Czech-Norwegian literary historian

Milada Blekastad (born Milada Topičová; 1 July 1917 – 25 October 2003) was a Czech-Norwegian literary historian, translator and Bohemist. From the 1930s, she lived in Norway.

== Personal life ==
She was born Milada Topičová on 1 July 1917 in Prague. Her grandfather František Topič was one of the most prominent publishers in that city and often published Nordic literature; her father Jaroslav Topič was a publisher as well and her mother Milada Topičová was a translator. As a fifteen-year old, Milada Topičová received an invitation from Gunnvor Krokann, wife of the writer Inge Krokann, to travel to Norway. There she met the artist Hallvard Blekastad (1883–1966), whom she married in 1934. She was quick to learn nynorsk and spoke fluent Gausdal dialect, but she translated to both nynorsk and bokmål.

She had seven children.

She died on 25 October 2003 in Oslo. She is buried at the Topič family tomb at Olšany Cemetery in Prague.

== Career ==
She was a lecturer in Czech at the University of Oslo from 1957. She took the dr.philos. degree in 1969 with the thesis Comenius, Versuch eines Umrisses von Leben, Werk und Schicksal des Jan Amos Komenský. She was a Government scholar from 1970.

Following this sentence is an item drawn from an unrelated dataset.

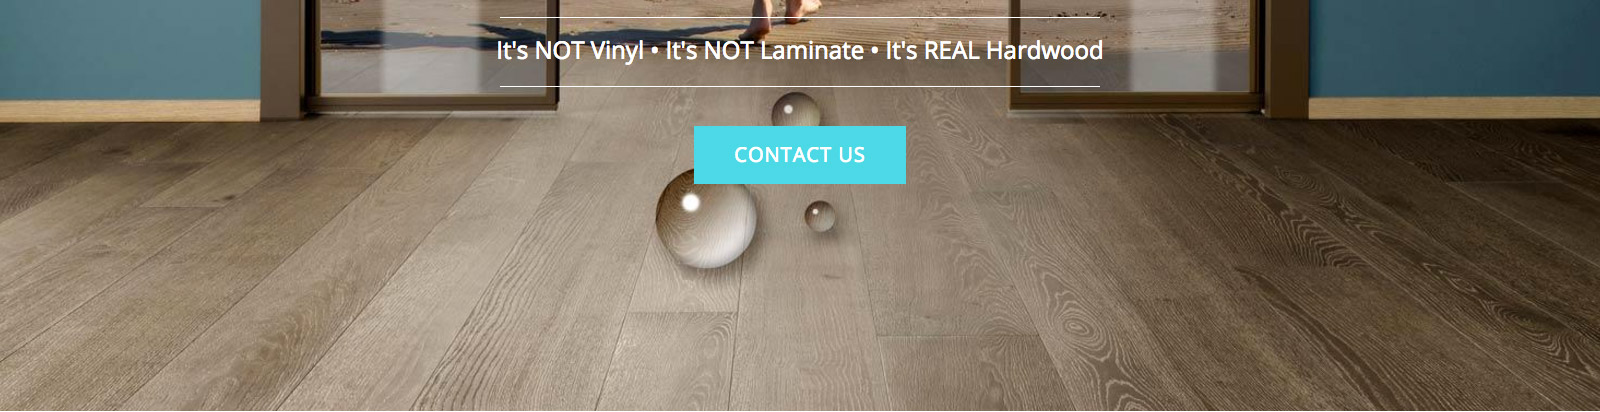 Flooring website branding creative design art marketing advertising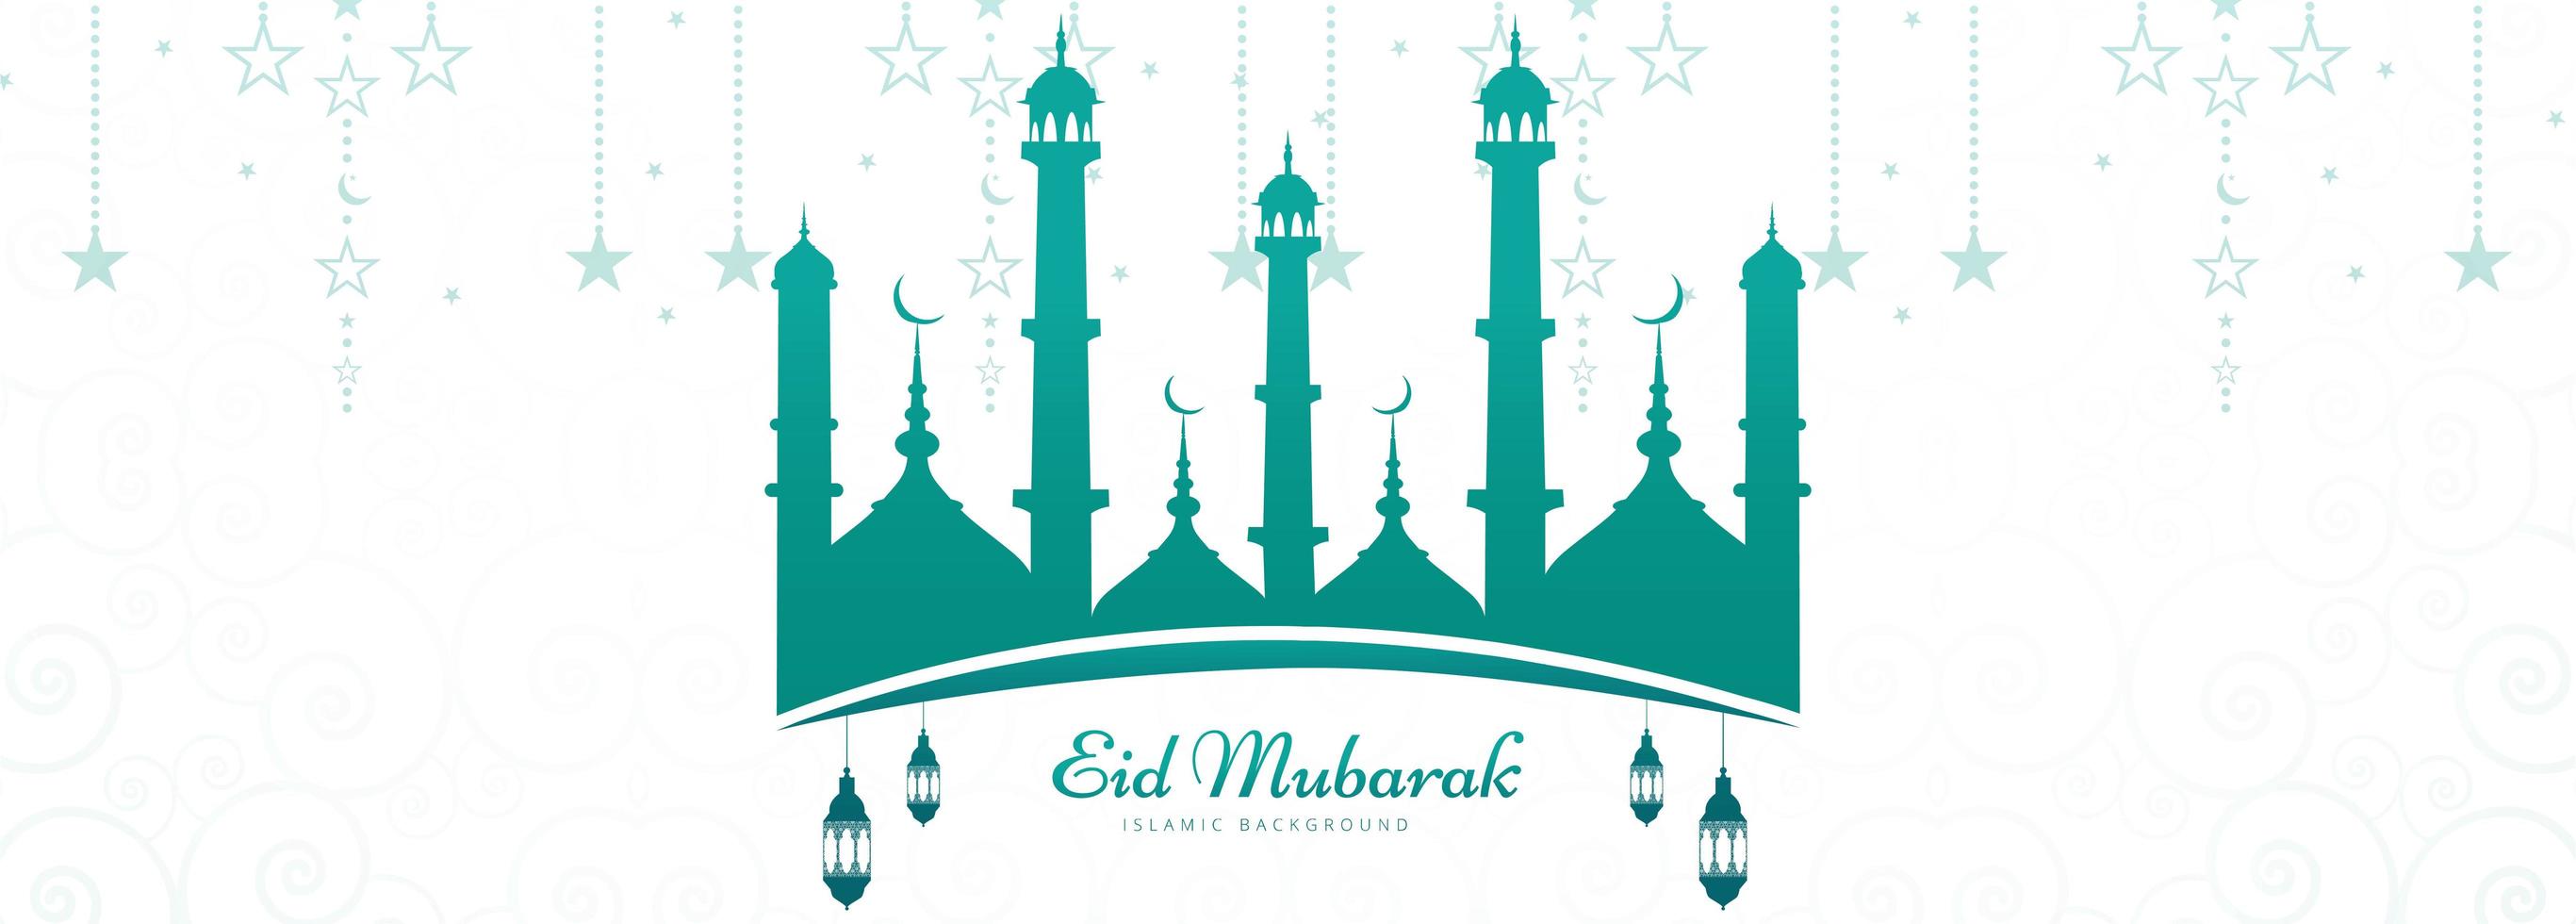 Eid mubarak card banner with teal mosque  vector

She wrote several academic and popular works on Comenius. Books about him include Menneskenes sak (1977), and translations include Verdsens labyrint (1955; orig. 1631) and Informatoriet for skulen hennar mor (1965).

She was a prolific translator between Czech and Norwegian, being awarded the Bastian Prize in 1969 for translating Ludvík Vaculík's The Axe. She wrote historical overviews Millom aust og vest (1958) and Millom bork og ved (1978) as well as publishing the fairytale collection Tsjekkiske og Slovakiske eventyr in four volumes between 1939 and 1955.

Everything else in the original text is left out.